用K分类的logistic回归对输入样本分类

只需输出预测概率最大的那个分类即可

function p = predictOneVsAll(all_theta, X)
%PREDICT Predict the label for a trained one-vs-all classifier. The labels 
%are in the range 1..K, where K = size(all_theta, 1). 
%  p = PREDICTONEVSALL(all_theta, X) will return a vector of predictions
%  for each example in the matrix X. Note that X contains the examples in
%  rows. all_theta is a matrix where the i-th row is a trained logistic
%  regression theta vector for the i-th class.

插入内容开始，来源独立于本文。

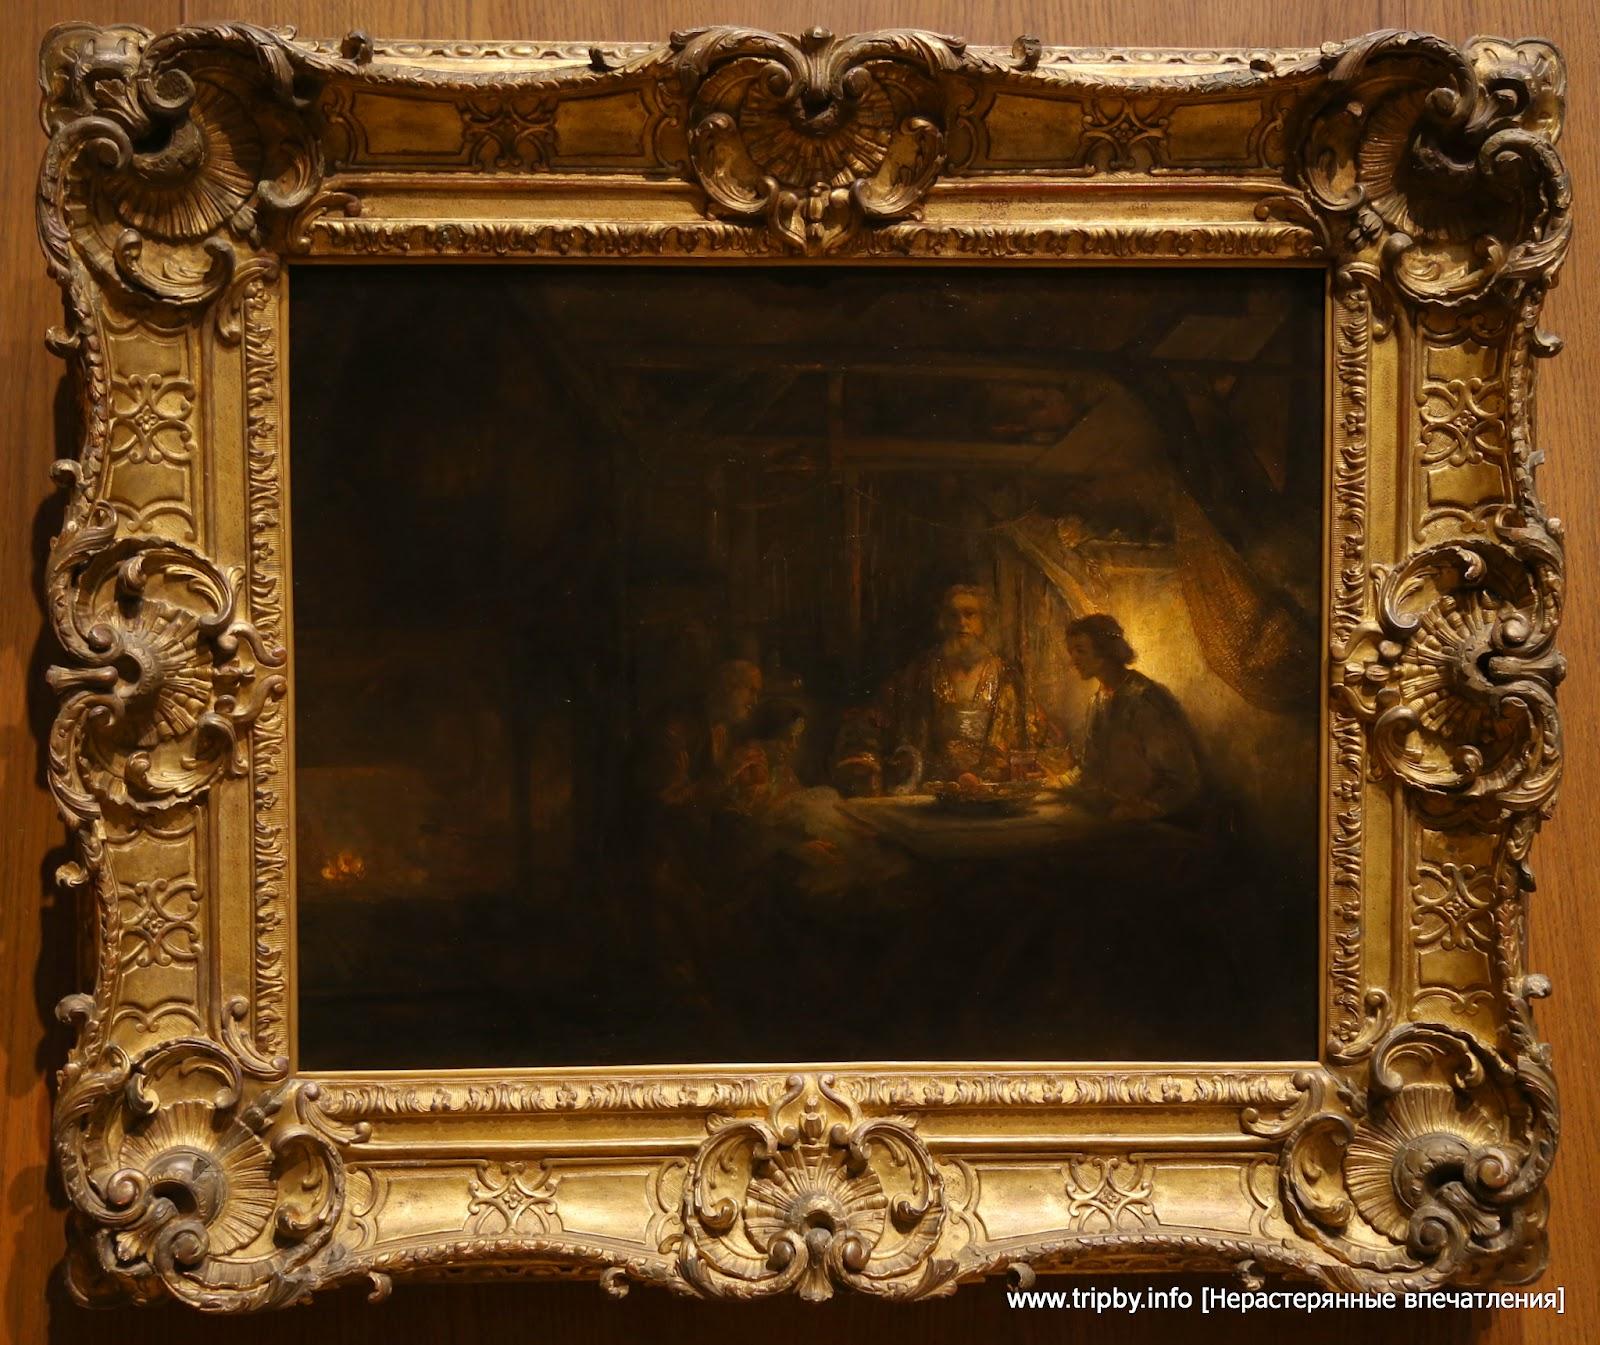 Rembrandt van Rijn Dutch, 1606 - 1669 Philemon and Baucis 1658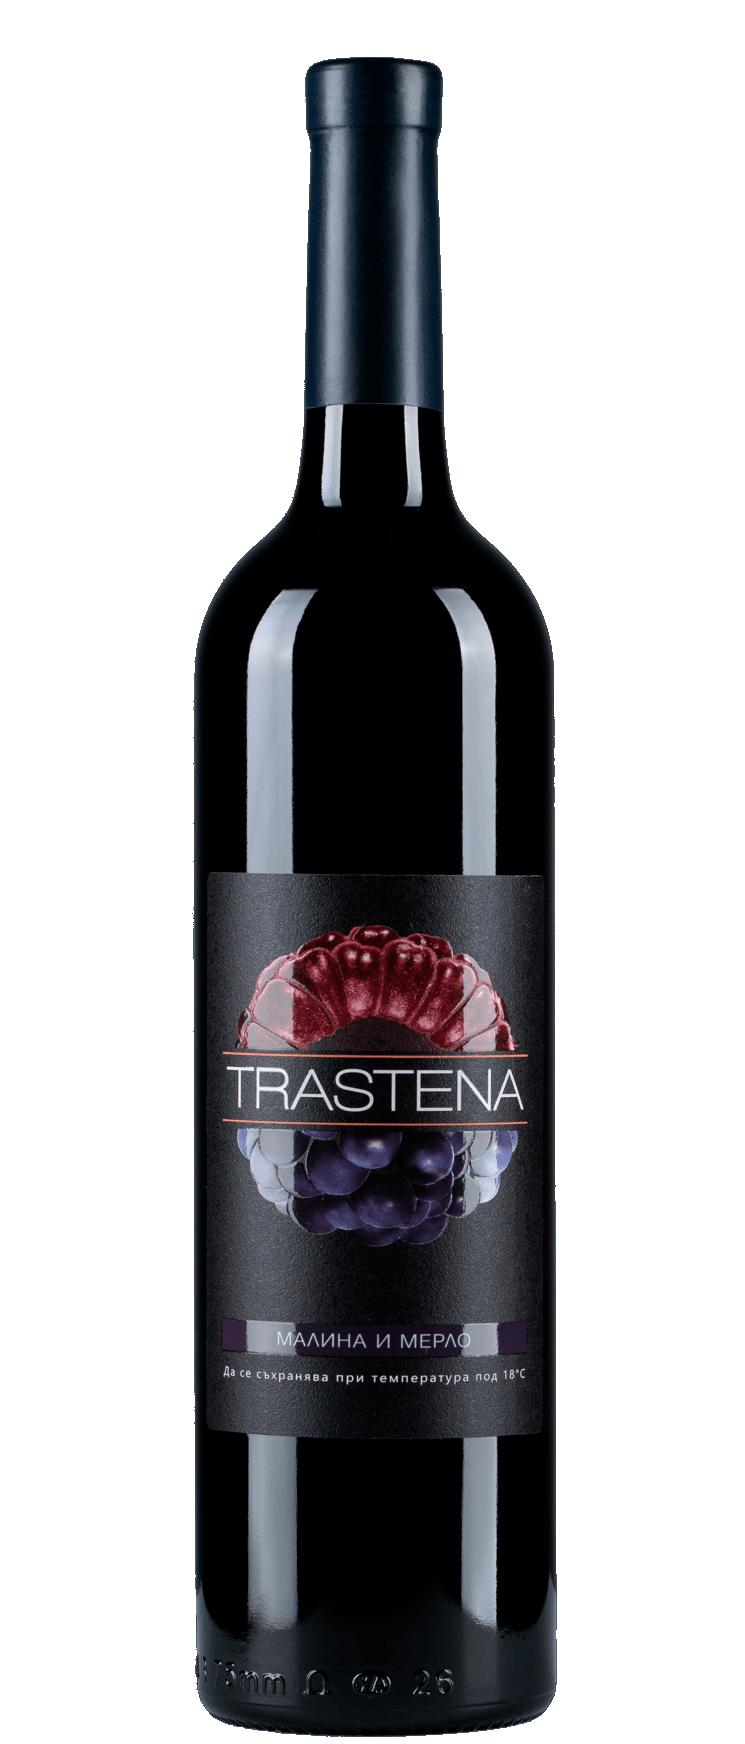 Малиново Вино Трастена Малина и Мерло 0.75 л

You should set p to a vector
%  of values from 1..K (e.g., p = [1; 3; 1; 2] predicts classes 1, 3, 1, 2
%  for 4 examples) 

m = size(X, 1);
num_labels = size(all_theta, 1);

% You need to return the following variables correctly 
p = zeros(size(X, 1), 1);

% Add ones to the X data matrix
X = [ones(m, 1) X];

% ====================== YOUR CODE HERE ======================
% Instructions: Complete the following code to make predictions using
%               your learned logistic regression parameters (one-vs-all).
%               You should set p to a vector of predictions (from 1 to
%               num_labels).
%
% Hint: This code can be done all vectorized using the max function.
%       In particular, the max function can also return the index of the 
%       max element, for more information see 'help max'. If your examples 
%       are in rows, then, you can use max(A, [], 2) to obtain the max 
%       for each row.
%       

    [~,p]=max(X*all_theta',[],2);
    
% =========================================================================


end

神经网络正向传播

predict

\(\theta_{i,j}^{(L)}\)表示第L层结点j到第L+1层结点i的参数,\(s_L\)表示第L层结点个数,\(a^{(L)}\)为第L层从L-1层接收数据,经激励函数Sigmoid处理后的输出值

\[\Theta^{(L)}=(\theta_{i,j}^{(L)})_{s_{L+1}\times s_{L}} \]

设输入数据为n维列向量\(x\),则令

\[a^{(1)}=\begin{pmatrix}1\\x\end{pmatrix} \]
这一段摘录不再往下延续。